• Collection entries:
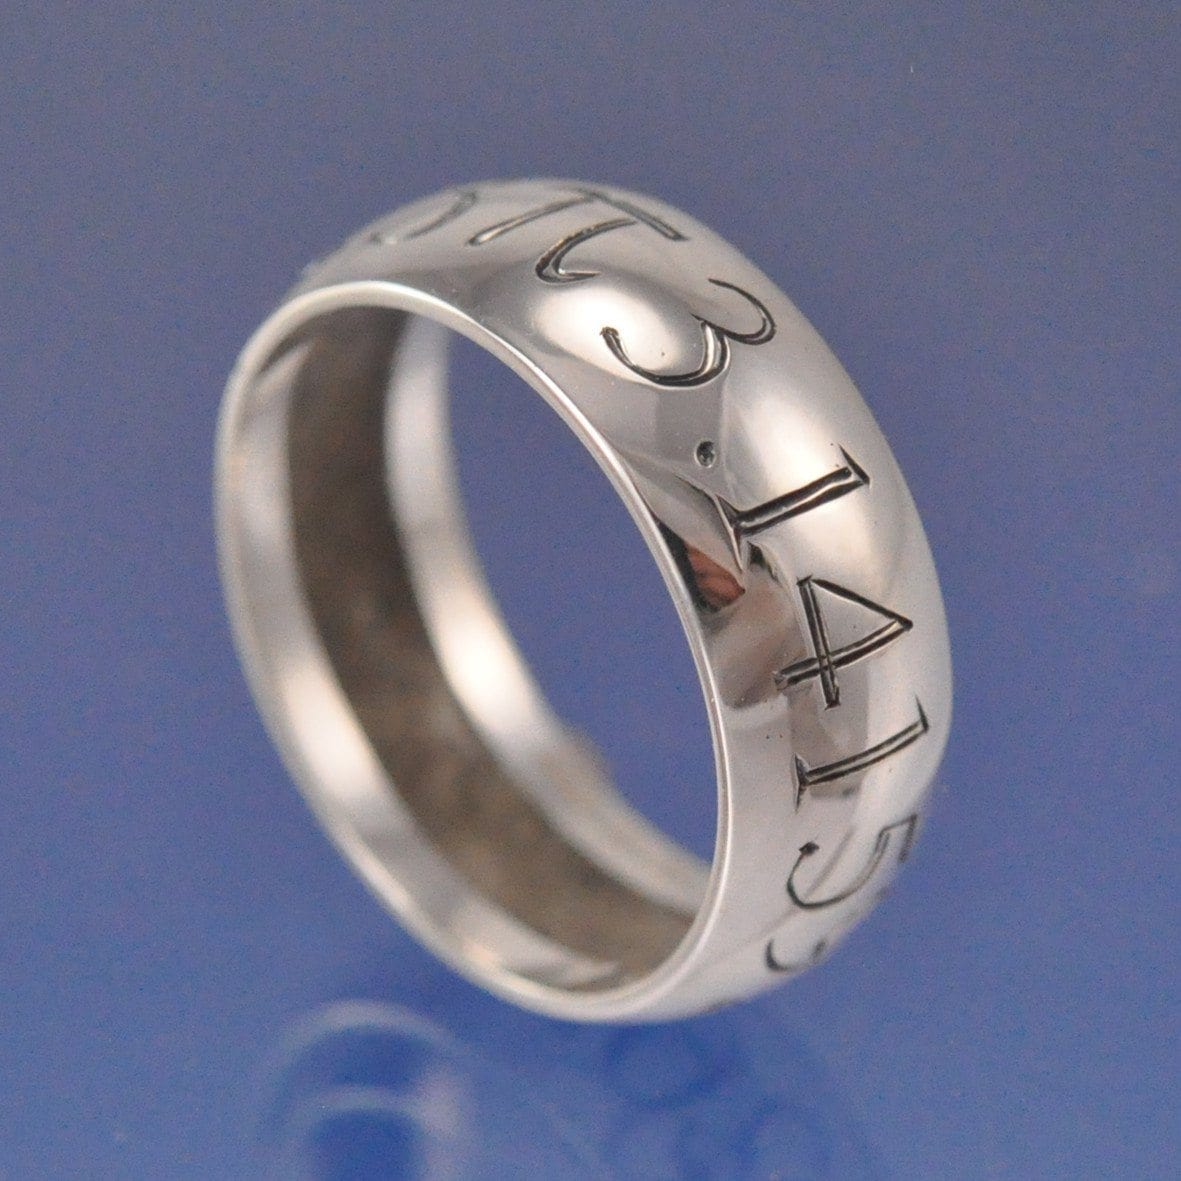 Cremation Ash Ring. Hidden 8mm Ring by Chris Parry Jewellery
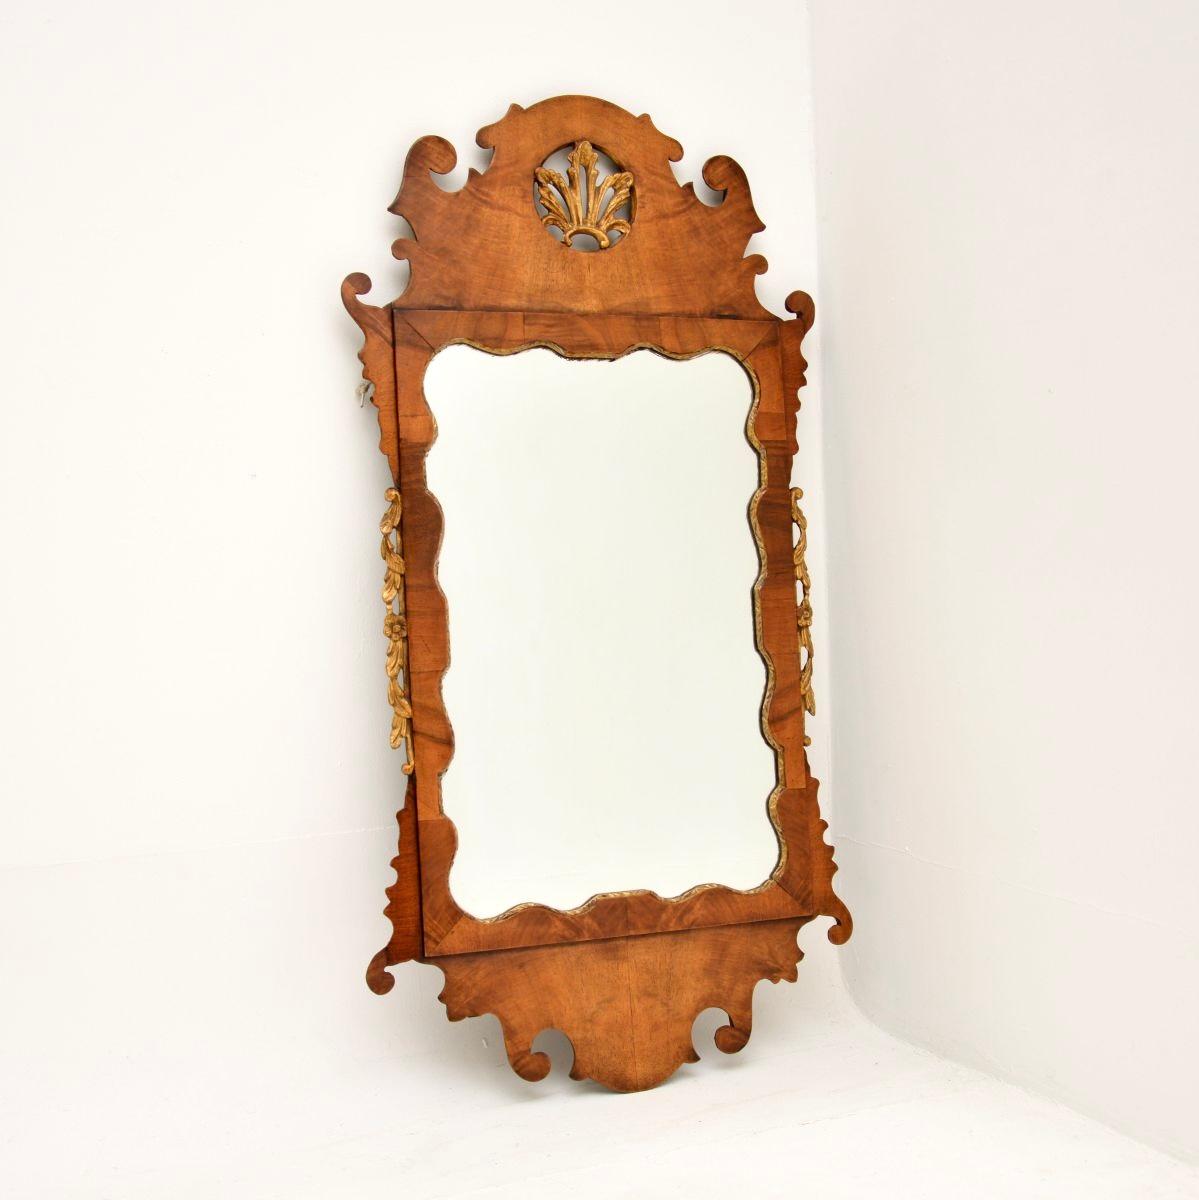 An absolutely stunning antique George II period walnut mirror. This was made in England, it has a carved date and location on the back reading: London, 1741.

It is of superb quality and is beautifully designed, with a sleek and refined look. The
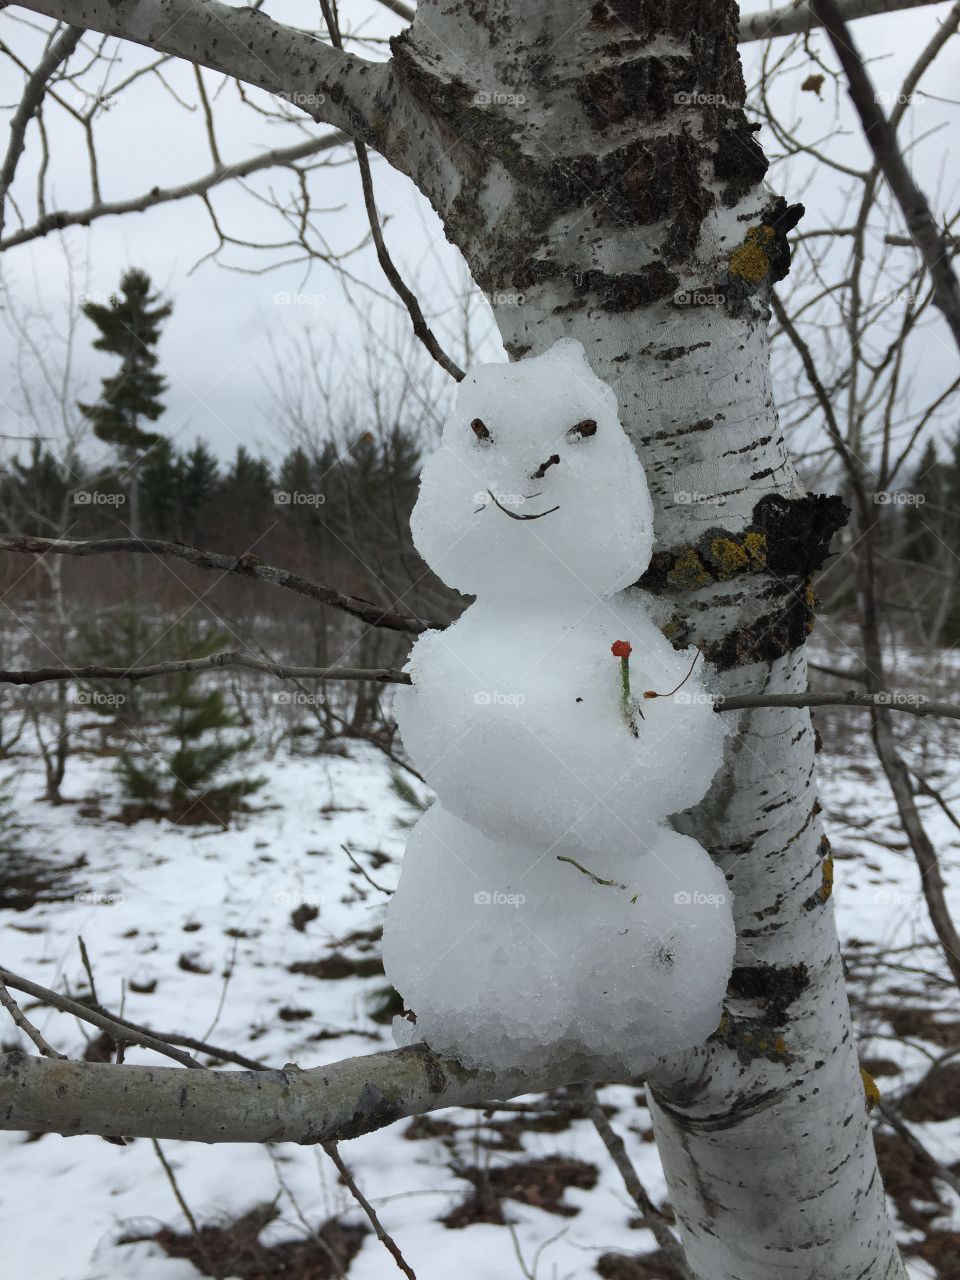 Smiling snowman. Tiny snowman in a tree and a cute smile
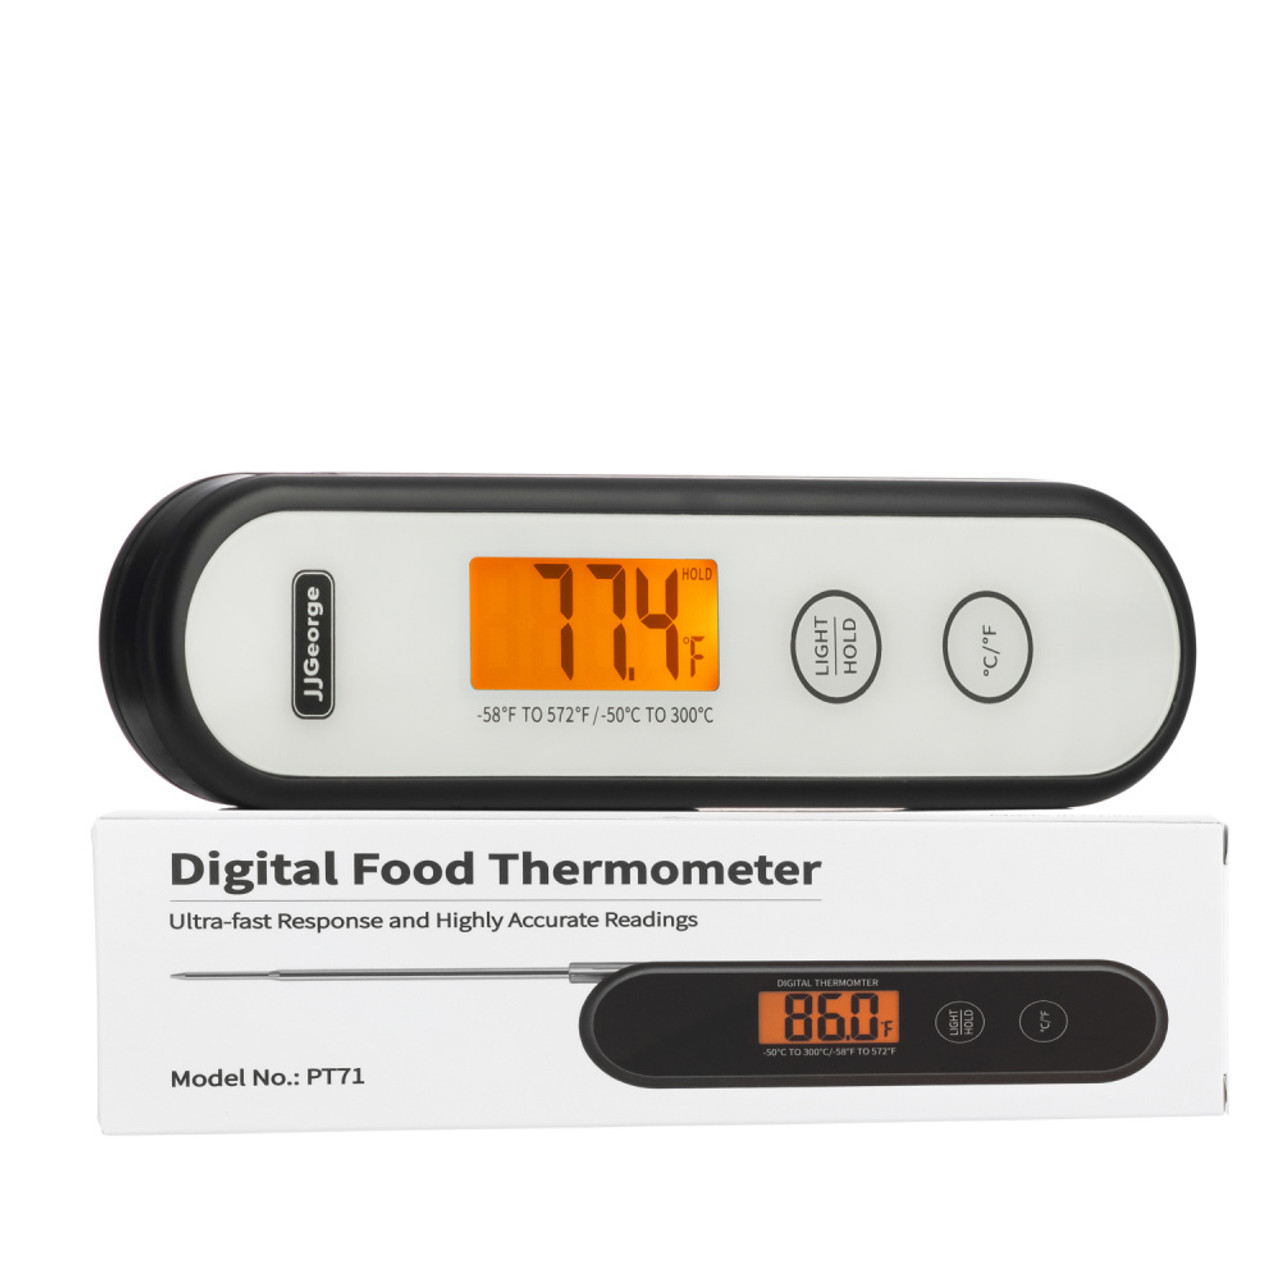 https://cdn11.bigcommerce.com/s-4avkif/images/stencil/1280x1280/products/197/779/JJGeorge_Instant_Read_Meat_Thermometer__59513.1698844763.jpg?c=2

• Problem requirements: Return every entry word for word, but drop any pictures.

• Solution below:
 Cremation Ash Ring. Hidden 8mm Ring by Chris Parry Jewellery
 An absolutely stunning antique George II period walnut mirror. This was made in England, it has a carved date and location on the back reading: London, 1741.

It is of superb quality and is beautifully designed, with a sleek and refined look. The
 Smiling snowman. Tiny snowman in a tree and a cute smile
 https://cdn11.bigcommerce.com/s-4avkif/images/stencil/1280x1280/products/197/779/JJGeorge_Instant_Read_Meat_Thermometer__59513.1698844763.jpg?c=2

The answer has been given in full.